DEV Community

Cover image for I Over-Engineered My Agent (Here's What I Learned)
Gantz AI for Gantz

Posted on

I Over-Engineered My Agent (Here's What I Learned)

I spent 3 months building the perfect agent architecture.

It had everything:

  • Multi-tier memory system
  • Hierarchical planning
  • Self-reflection loops
  • Multi-agent coordination
  • Custom embedding pipeline
  • Sophisticated error recovery

It was beautiful.

Users hated it.

Here's what went wrong.

The vision

I was building a coding assistant. My architecture looked like this:

┌─────────────────────────────────────────────────────────────┐
│                    ORCHESTRATOR AGENT                        │
├─────────────────────────────────────────────────────────────┤
│                                                              │
│  ┌─────────────┐  ┌─────────────┐  ┌─────────────┐          │
│  │   PLANNER   │  │  EXECUTOR   │  │  REVIEWER   │          │
│  │    AGENT    │──│    AGENT    │──│    AGENT    │          │
│  └─────────────┘  └─────────────┘  └─────────────┘          │
│         │                │                │                  │
│         ▼                ▼                ▼                  │
│  ┌─────────────────────────────────────────────────┐        │
│  │              SHARED MEMORY SYSTEM                │        │
│  │  ┌─────────┐ ┌─────────┐ ┌─────────┐ ┌───────┐  │        │
│  │  │ Working │ │ Episodic│ │Semantic │ │ Long  │  │        │
│  │  │ Memory  │ │ Memory  │ │ Memory  │ │ Term  │  │        │
│  │  └─────────┘ └─────────┘ └─────────┘ └───────┘  │        │
│  └─────────────────────────────────────────────────┘        │
│                           │                                  │
│         ┌─────────────────┴─────────────────┐               │
│         ▼                                   ▼               │
│  ┌─────────────┐                    ┌─────────────┐         │
│  │    TOOLS    │                    │  REFLECTION │         │
│  │   (15 MCP)  │                    │    MODULE   │         │
│  └─────────────┘                    └─────────────┘         │
│                                                              │
└─────────────────────────────────────────────────────────────┘
Enter fullscreen mode Exit fullscreen mode

Impressive, right?

What I built

Multi-agent system

Three specialized agents:

class PlannerAgent:
    """Creates detailed execution plans"""
    def plan(self, task):
        return self.llm.create(
            system="You are a planning specialist...",
            messages=[{"role": "user", "content": f"Plan: {task}"}]
        )

class ExecutorAgent:
    """Executes individual steps"""
    def execute(self, step, tools):
        return self.llm.create(
            system="You are an execution specialist...",
            tools=tools,
            messages=[{"role": "user", "content": f"Execute: {step}"}]
        )

class ReviewerAgent:
    """Reviews and critiques work"""
    def review(self, work):
        return self.llm.create(
            system="You are a code review specialist...",
            messages=[{"role": "user", "content": f"Review: {work}"}]
        )
Enter fullscreen mode Exit fullscreen mode

Four-tier memory

class MemorySystem:
    def __init__(self):
        self.working = WorkingMemory()      # Current task
        self.episodic = EpisodicMemory()    # Past conversations
        self.semantic = SemanticMemory()    # Learned facts (vector DB)
        self.long_term = LongTermMemory()   # Persistent storage
Enter fullscreen mode Exit fullscreen mode

Reflection loop

def execute_with_reflection(self, task):
    for attempt in range(3):
        result = self.executor.execute(task)

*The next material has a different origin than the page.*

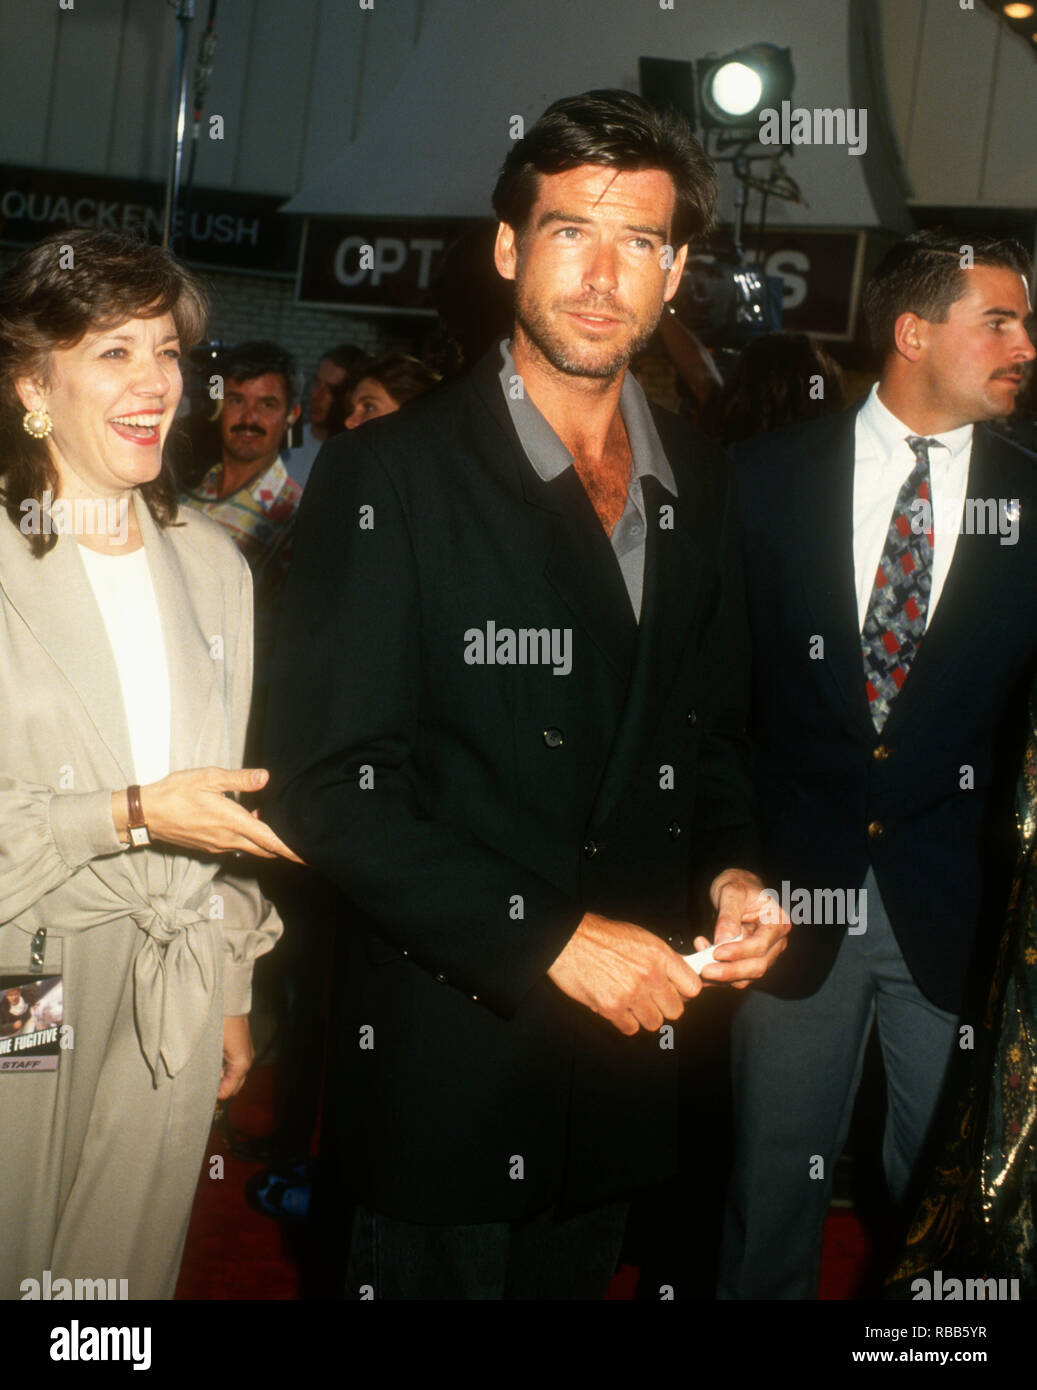 westwood-ca-july-29-actor-pierce-brosnan-attends-warner-bros-pictures-the-fugitive-premiere-on-july-29-1993-at-the-mann-village-theatre-in-westwood-california-photo-by-barry-kingalamy-stock-photo-RBB5YR.jpg

        reflection = self.reflector.reflect(result)

        if reflection.is_good:
            return result

        task = self.improve_task(task, reflection.feedback)

    return result
Enter fullscreen mode Exit fullscreen mode

15 specialized tools

tools:
  - read_file
  - read_file_range
  - write_file
  - patch_file
  - search_content
  - search_files
  - search_symbols
  - run_command
  - run_tests
  - lint_code
  - format_code
  - git_status
  - git_diff
  - git_commit
  - analyze_dependencies
Enter fullscreen mode Exit fullscreen mode

The problems

Problem 1: It was slow

User: "Add a print statement to main.py"

My agent:
1. Planner analyzes task (2s)
2. Creates 5-step plan (3s)
3. Executor reads file (1s)
4. Executor makes change (2s)
5. Reviewer checks work (3s)
6. Reflection evaluates (2s)
7. Memory updates (1s)

Total: 14 seconds

Simple agent:
1. Read file (0.5s)
2. Make change (1s)

Total: 1.5 seconds
Enter fullscreen mode Exit fullscreen mode

14 seconds for a one-line change. Users didn't wait.

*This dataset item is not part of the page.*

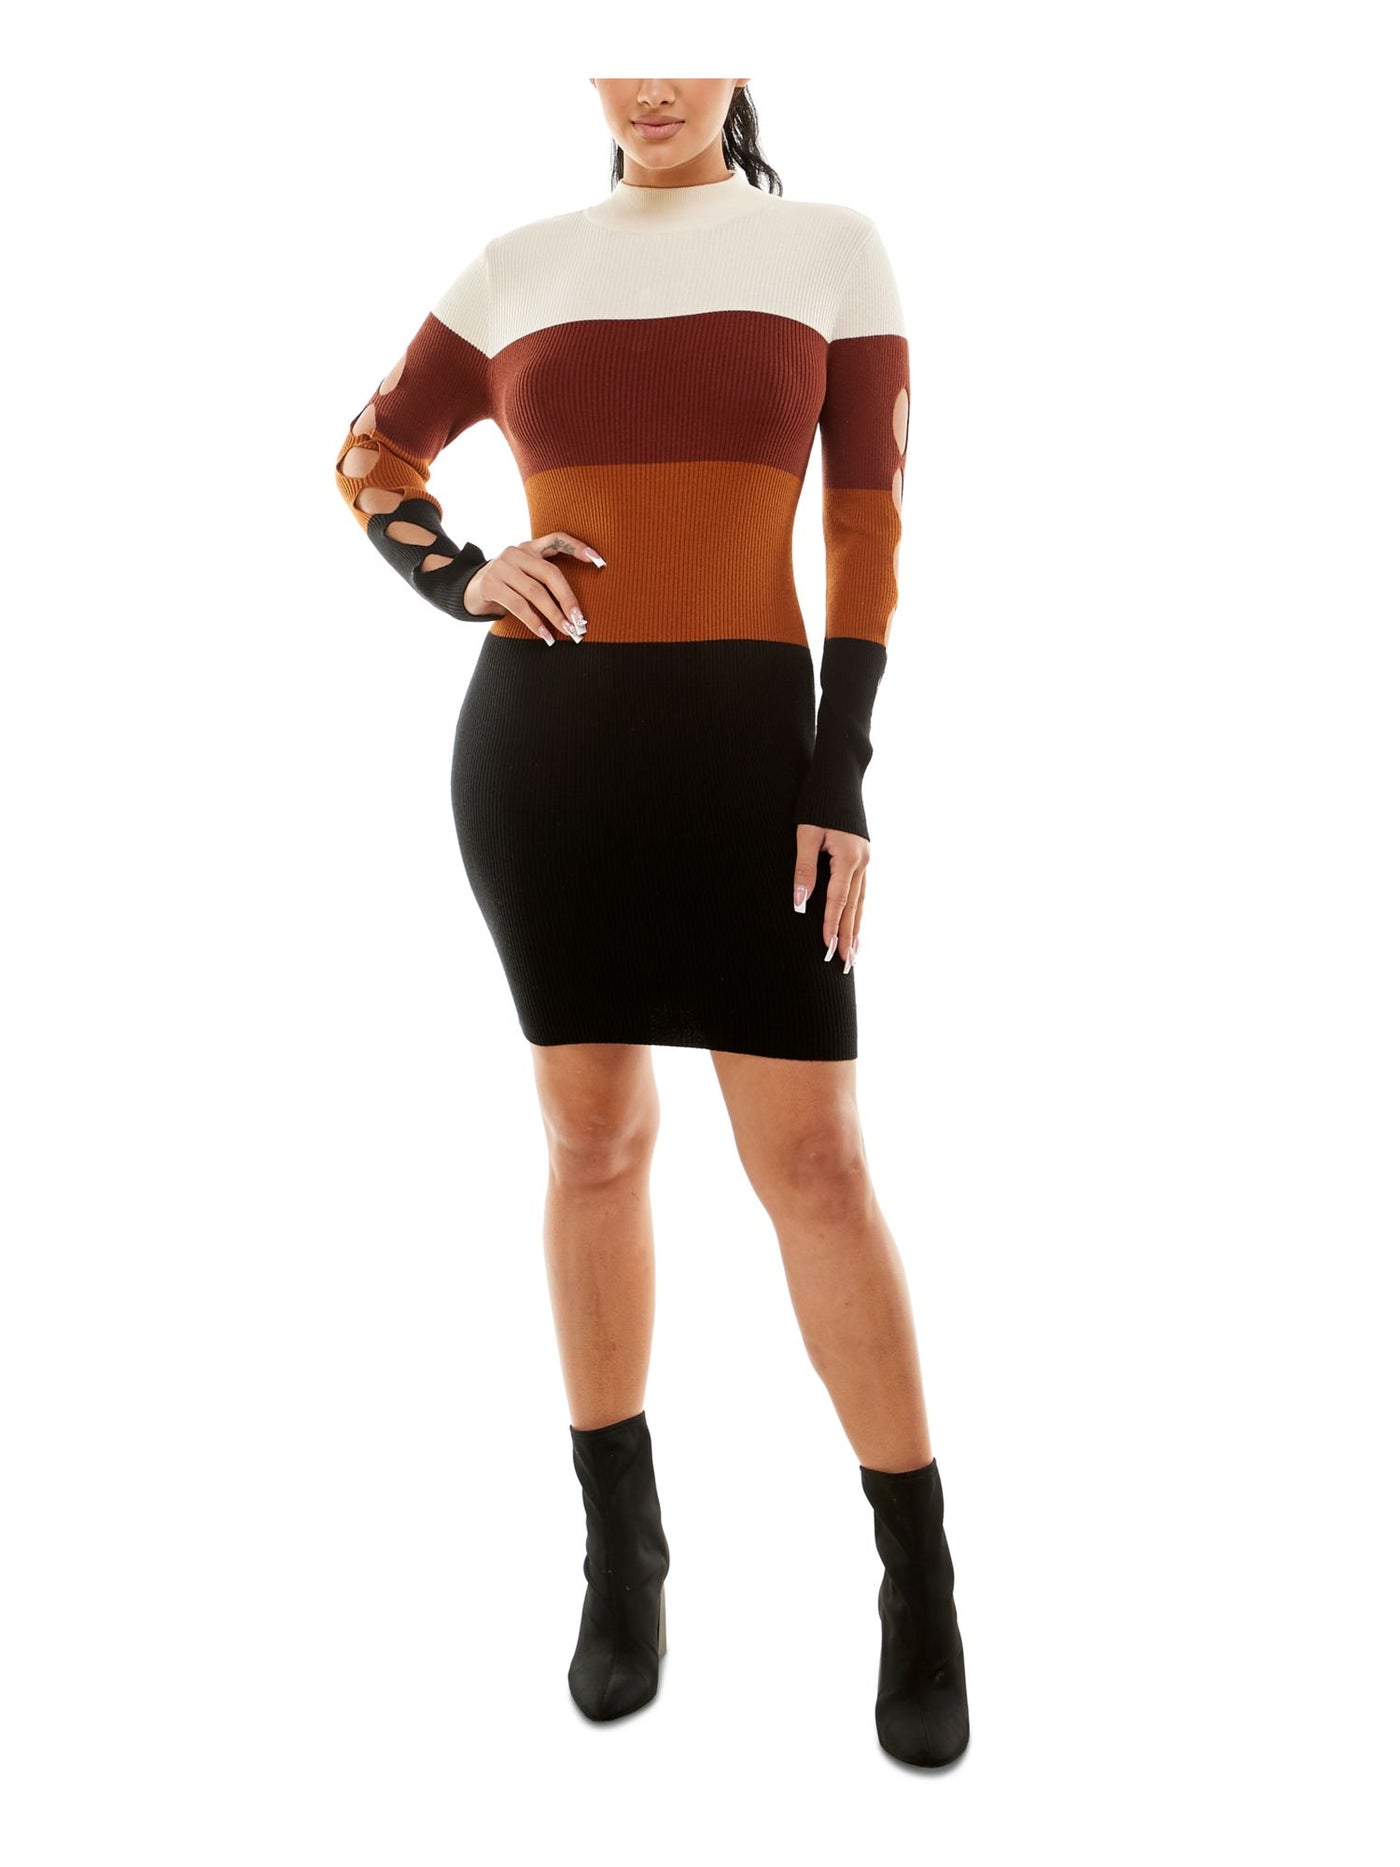 PLANET GOLD Womens Brown Striped Long Sleeve Mock Neck Above The Knee Sweater Dress Juniors XS

Problem 2: It was expensive

Simple request token usage:

Planner: 2,000 tokens
Executor: 1,500 tokens
Reviewer: 1,800 tokens
Reflection: 1,200 tokens
Memory queries: 800 tokens
Orchestration: 500 tokens

Total: 7,800 tokens

vs.

Simple agent: 1,200 tokens
Enter fullscreen mode Exit fullscreen mode

6x more expensive. For the same result.

Problem 3: It was fragile

# Things that broke regularly:

# Planner and Executor disagreed on format
PlannerOutput: {"steps": ["read", "modify", "save"]}
ExecutorExpected: {"step": "read", "params": {...}}

# Memory retrieval returned irrelevant context
Query: "How to add logging?"
Retrieved: "User prefers dark mode" (from 3 weeks ago)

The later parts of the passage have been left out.